Preclinical work has suggested that the MAPK pathway is insufficiently inhibited with single-agent BRAF inhibition in CRC, in contrast to what is considered adequate inhibition in melanoma, irrespective of the BRAF inhibitor used.[17,23,24] This alone may be sufficient to limit clinical activity in CRC. In addition, in the clinical setting in melanoma, there seems to be a threshold of inhibition as measured by phospho-Erk expression required to induce response.[25] Because this study did not incorporate on-study biopsies, direct assessment of the ability of vemurafenib to sufficiently inhibit the MAPK pathway is not possible. Preclinical studies since this clinical trial was first reported have added considerably to our understanding of MAPK inhibition and early reactivation of the pathway in CRC, with perhaps the most compelling reactivation being through feedback EGFR reactivation.[23,24] It has been proposed that EGFR expression levels may predict for this reactivation; however, no correlation was seen between total EGFR expression in the primary tumor and clinical activity in our study, suggesting that baseline EGFR expression may be a poor correlate of subsequent EGFR pathway reactivation after BRAF inhibition. The combination of EGFR and vemurafenib is being explored in several clinical trials, with some promising early results with panitumumab and an ongoing randomized study of cetuximab and irinotecan, with or without vemurafenib (ClinicalTrials.gov identifier: NCT02164916).[26] In contrast, prior preclinical studies suggested that PI3K pathway activation may be associated with resistance to BRAF inhibition. However, neither PTEN protein loss nor PIK3CA mutation was correlated with resistance in our study, consistent with the limited additional clinical activity seen with the addition of a PI3K inhibitor to BRAF and EGFR inhibition.[27]
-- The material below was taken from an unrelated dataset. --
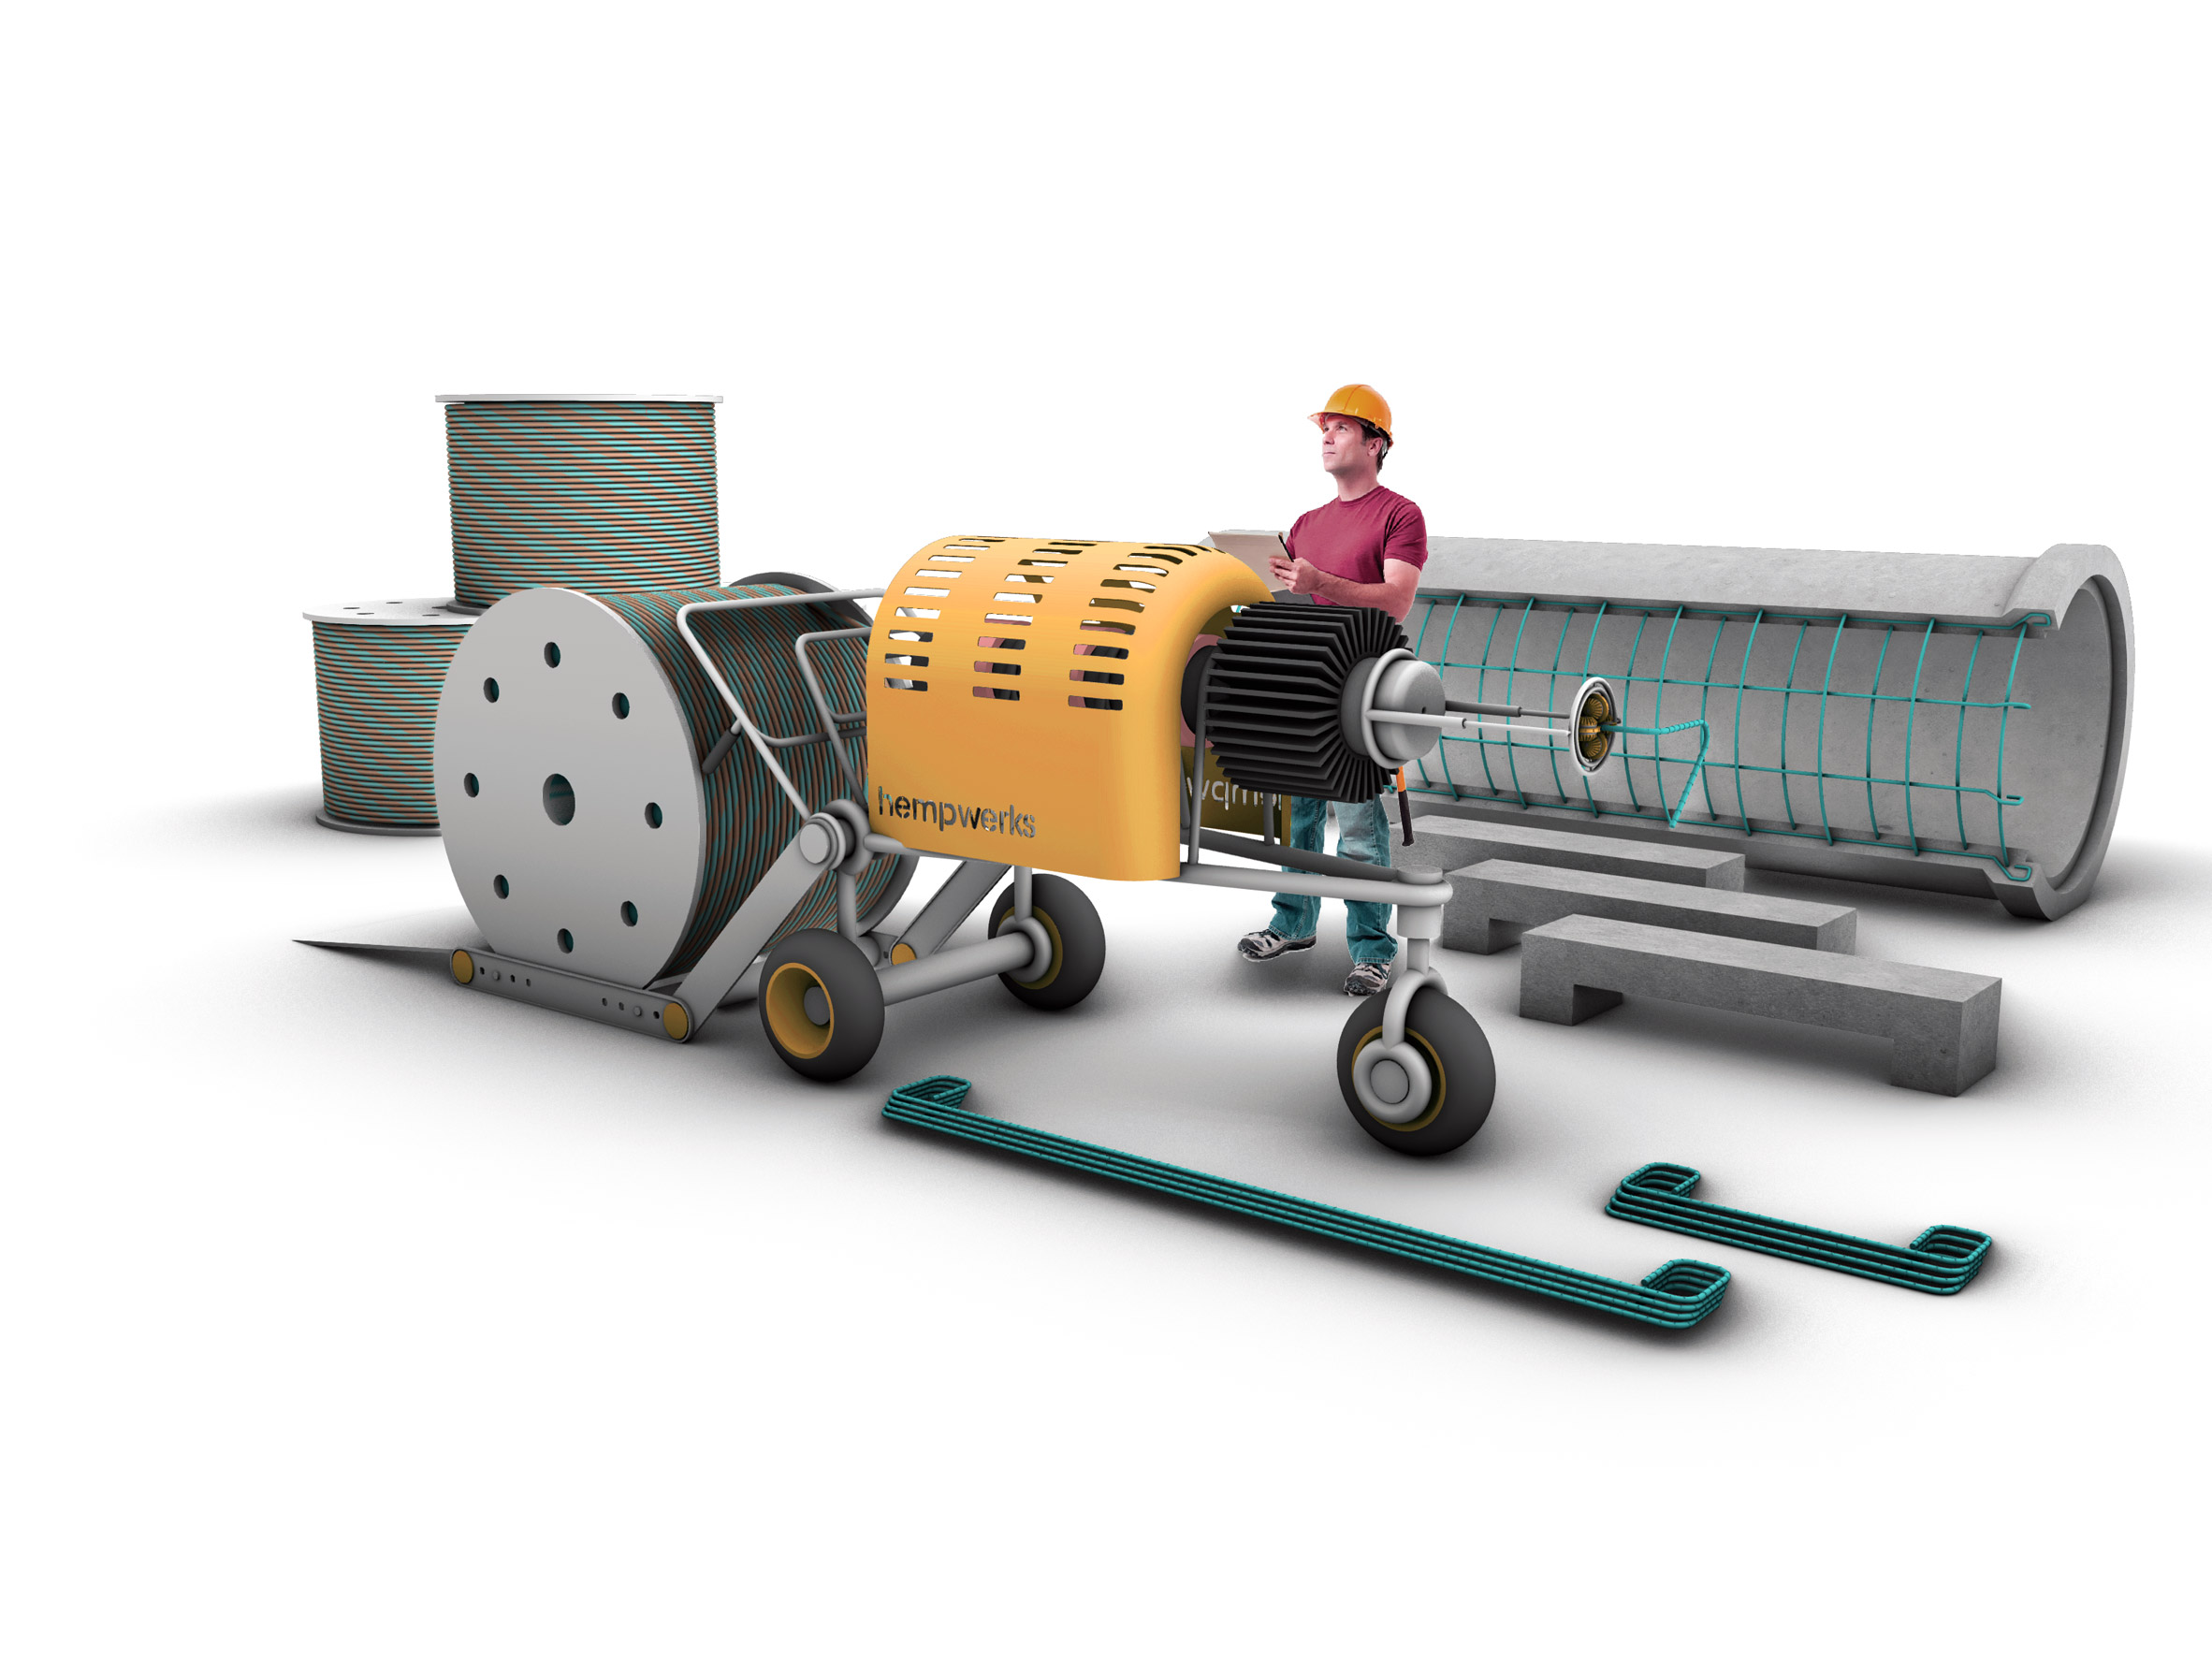 Rendering of the machine for making hemp rebar on-site with spools of rope at one end and nozzle for ejecting rebar at the other

The finding of KRAS and NRAS mutations with low allele frequency in the BRAF mutant tumors is unexpected. With rare exception, BRAF V600E and KRAS/NRAS mutations are mutually exclusive when assessed by standard sensitivity sequencing.[28-30] Acquisition of NRAS mutations has been described as a mechanism of resistance to BRAF inhibition in melanoma, and our patient-derived xenograft models suggest that a similar mechanism may be present in BRAF-sensitive CRCs.[31] Because low allele frequency KRAS/NRAS mutations have been associated with resistance to cetuximab and current clinical trials are combining BRAF and EGFR inhibition, there is potential for these low allele frequency KRAS/NRAS mutations to be important drivers for resistance to the combination. The allele frequency observed in the patient-derived xenograft models is consistent with BRAF and KRAS mutations coexisting in the same tumor clones, suggesting that strategies to address both mutations will be needed. Evaluation of KRAS/NRAS mutations should be incorporated into future clinical trials of BRAF inhibition, including assessment at the time of progression. Other described mechanisms of acquired resistance in CRC to BRAF inhibition in preclinical models and patients include EGFR, KRAS, and MET amplification.[32]

The contrast of activity from BRAF inhibition in melanoma and CRC has been an important cautionary tale for the trend toward tumor-agnostic, oncogene-defined basket clinical trials. Histology can be a surrogate for potentially important differences in biology. BRAF-mutated CRC and melanoma differ in the tissue lineage (endoderm v ectoderm, respectively) and concurrent epigenetic features (nearly universal CIMP positive v CIMP negative, respectively), among other factors. BRAF inhibition has demonstrated some single-agent activity in non–small-cell lung cancer and thyroid cancer, among others, although the magnitude of the benefit remains to be defined.[33,34] In each setting, alternate mechanisms of resistance to BRAF inhibition have been proposed, reiterating the concept that tumor histology is still a major determinant of sensitivity to targeted therapies. Further studies should leverage these similarities and differences in BRAF inhibition sensitivity to optimize future combination strategies.